The above subject line may be a daunting, doom-and-gloom way of thinking, for example, about all of the work I have yet to do for my day job (as do many of us), or even as all the work I have left to do that I know for certain needs doing in terms of devotional writing, editing, and so forth. But, instead, it’s something else entirely–and something positive! Let me explain.
Until recently, the time I’ve been going to work in the morning has often been dark. Even with daylight savings kicking in, it’s still sometimes been dark when I’ve had to catch my first bus. And, at night when I’m done with work and am getting on the bus now, it’s also dark, and even darker when I am riding the second bus back toward home. Night: it happens. (And I don’t just mean “Nyx shows up occasionally” with that…!)
Why does any of this matter, apart from obvious reasons of noticing the shift of seasons? Because each day as I get the bus and go to work, we pass by Mt. Erie. If it is daylight, I always try and salute the mountain, as it were, as we pass within sight right near it, or even if I can see it from a great distance. Passing in close proximity (less than 1/2 a mile) to Mt. Erie on an almost-daily basis these days cannot be taken for granted, given that Mt. Erie is the axis mundi of my local landscape and my own personal psychic geography. But, not seeing the mountain because it is too dark out (and there aren’t many lights out there…and there hasn’t been a visible moon lately) is kind of…strange, to say the least. I know it’s there, but if I can’t see it, how can I be certain? I’m not so solipsistic to take such a statement to further extremes, but outside of our sensory experiences, how do we know things are for certain–even things with such long lifespans as mountains?
As we were heading in that direction tonight after work, I was in a very particular mood. I just got some new headphones, now that I have a little bit of discretionary income, and it is amazing what a difference they’ve made. The headphones I’ve had before that were crummy ones I got in Ireland almost ten years ago for my Sony Discman; when my iPod headphones died a few years ago, I switched them out for these older ones, and while being far from ideal, they did the job. But now, with decent headphones that allow me to hear my music clearly without having the iPod volume up to almost maximum, I can also just phase out what bus-and-road-noise there is, and the carrying on of the other passengers (some of whom have been particularly loud and obnoxious lately). In between getting my first bus and my second bus after work today with those new headphones, I was listening to some tunes that I associate with Antinous, and suddenly was very deeply and touchingly filled with his presence, to the point that I felt as if I was glowing and might start something on fire simply by sitting there, and I was very close to tears. Time slowed down a bit, and things were in a very liminal and interesting state for a while.

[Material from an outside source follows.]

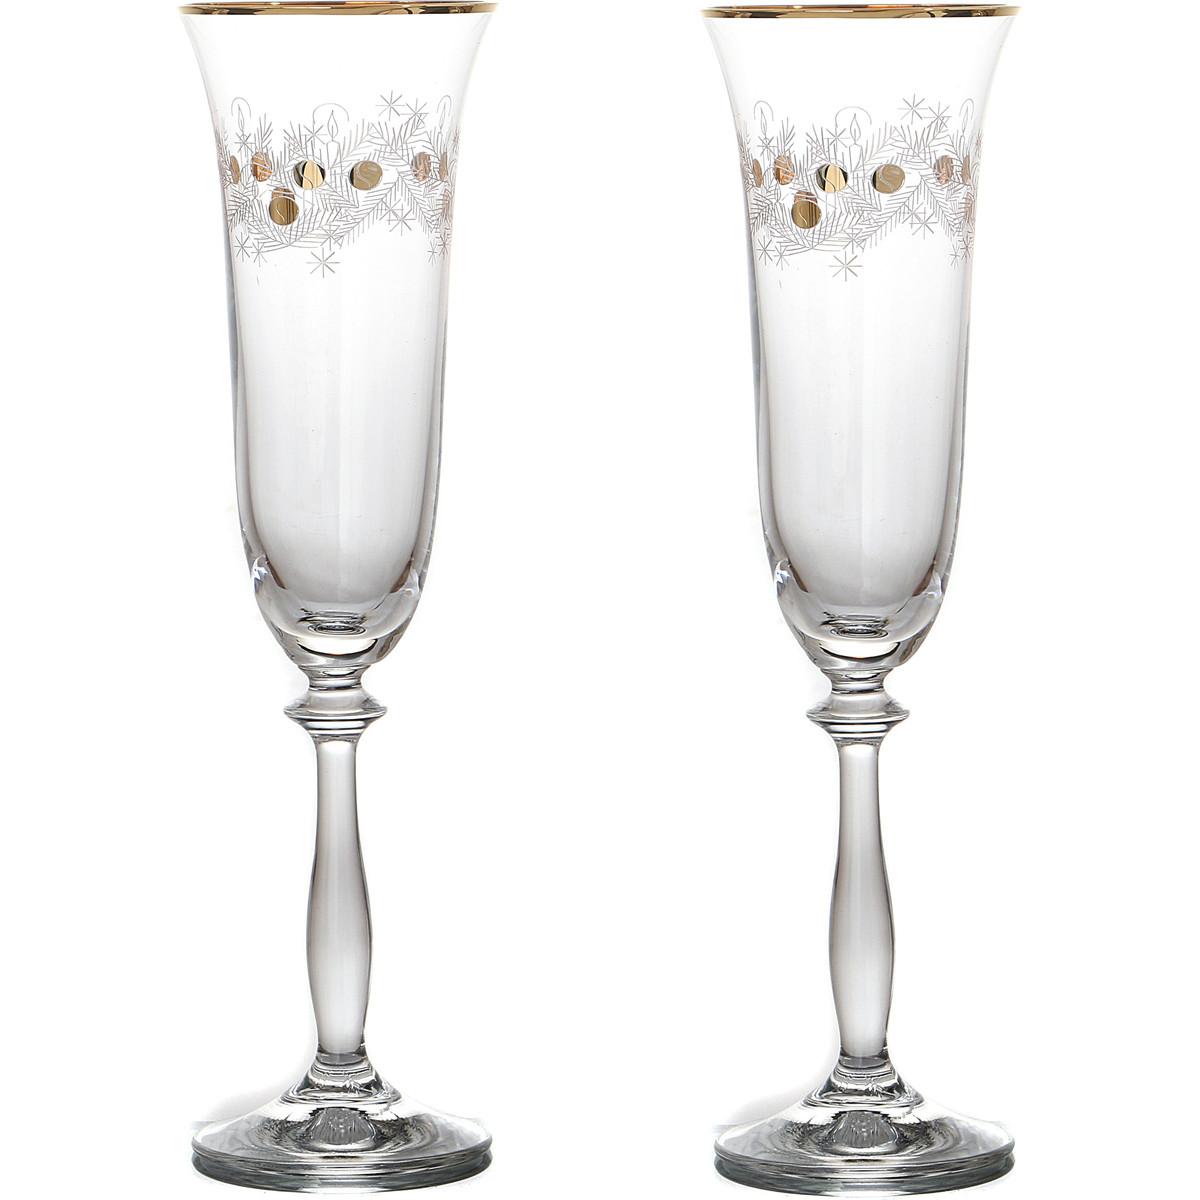 {} Bohemia Crystal Набор бокалов для шампанского Alivia  (25 см - 2 шт) набор для специй crystal bohemia тыква 2 предмета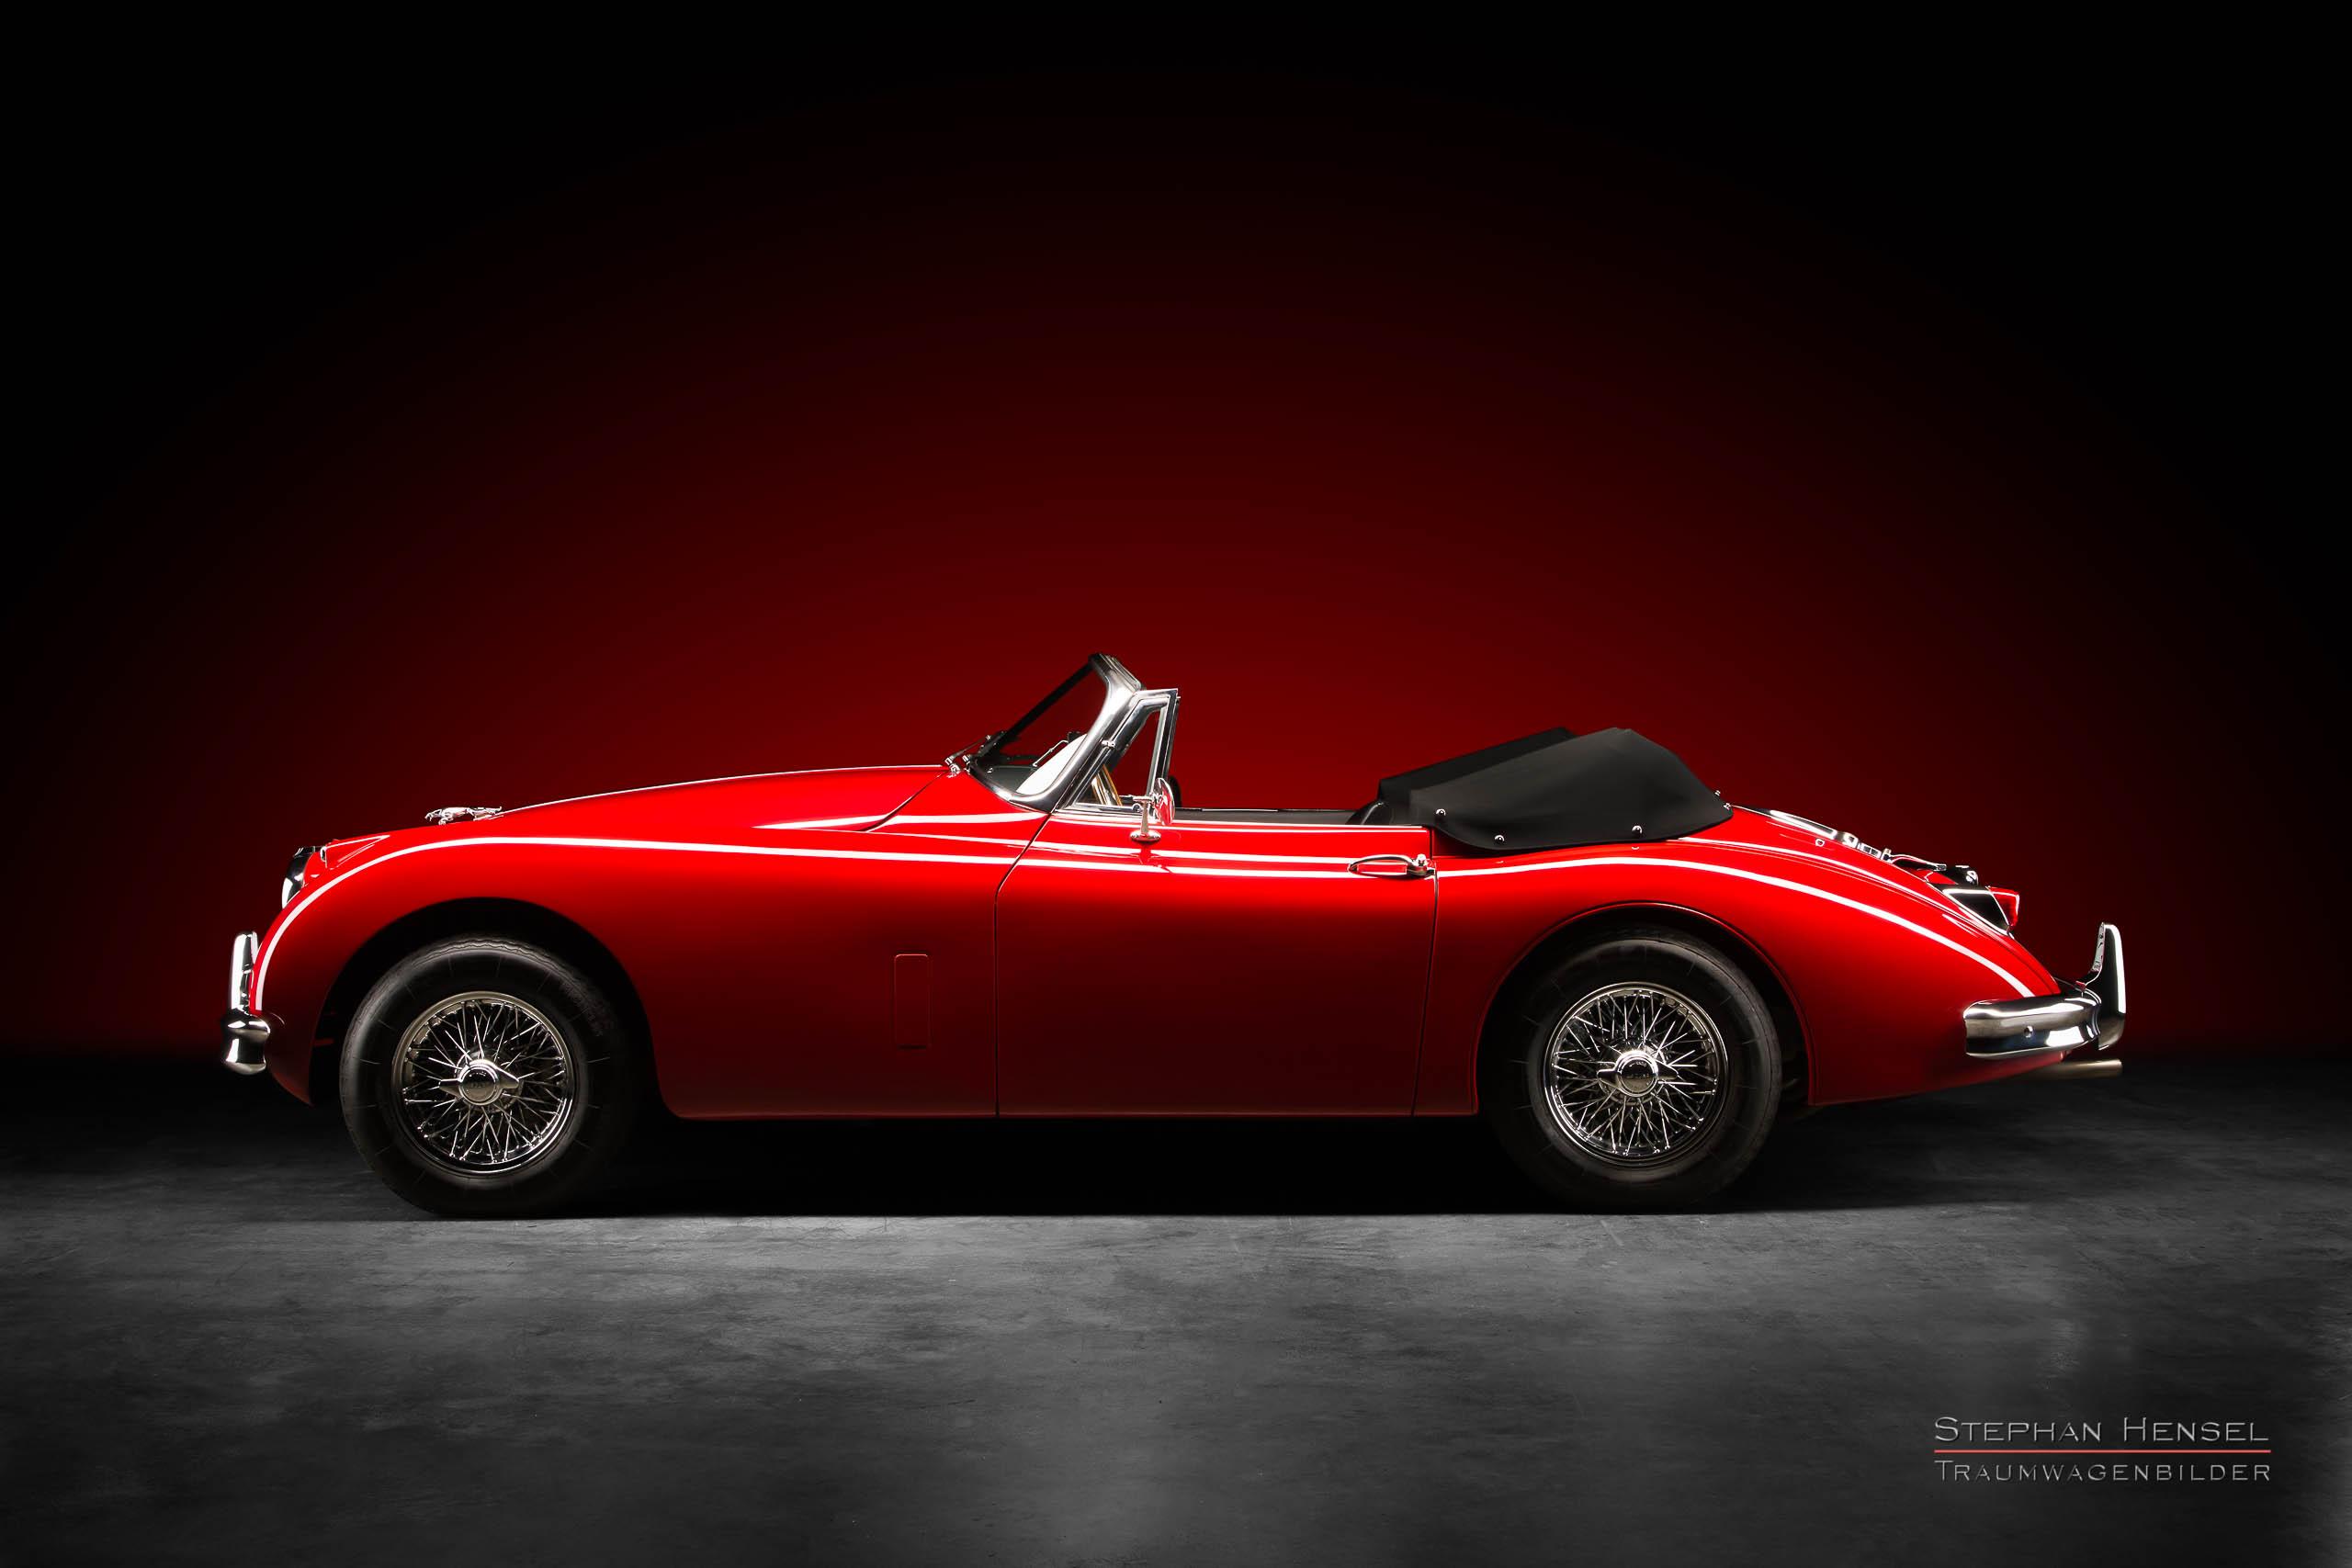 Jaguar XK 150 DHC, 1958, Seitenansicht, Autofotograf, Hamburg, Automobilfotograf, Oldtimerfotograf, Oldtimerfotografie, Car Photography, Stephan Hensel

Coming home on the second bus after that, and listening to more music, the bus driver had the sense to turn off the internal lights of the bus just before we went over Deception Pass bridge. That made it possible, just barely, to catch the outline of things outside in the night, like the various islands between the two larger islands, and eventually the faint outline of Mt. Erie as we passed. I didn’t take my eyes off her for the entire time we were nearby, even though I could only see her a few times definitely in the darkness.
I’m reminded of St. John of the Cross, whose two most famous treatises are the Dark Night of the Soul and The Ascent of Mt. Carmel (one, or possibly both, of which are incomplete). Both, essentially, deal with the same subject, but Mt. Carmel was especially written for those who need to have an experience of union with their god quickly (why that would be the case is not specified, but it’s nice he had that particular audience in mind!).
The dark night, which I’ve been through with Antinous on several occasions before now, and the fact that the literal darkness of the actual night has made it impossible to see the mountain that is so important to me has been an interesting occasion for reflection on this entire process. Sometimes, when we are not actually enduring a particular process like this, these metaphors don’t hit home as directly as they ought to. Having them literalized right before one, for those who are paying attention (it seems no one looks out the windows on the buses that I ride most of the time), can be a very useful and poignant reminder of these matters amidst the toils, difficulties, and transits of daily life.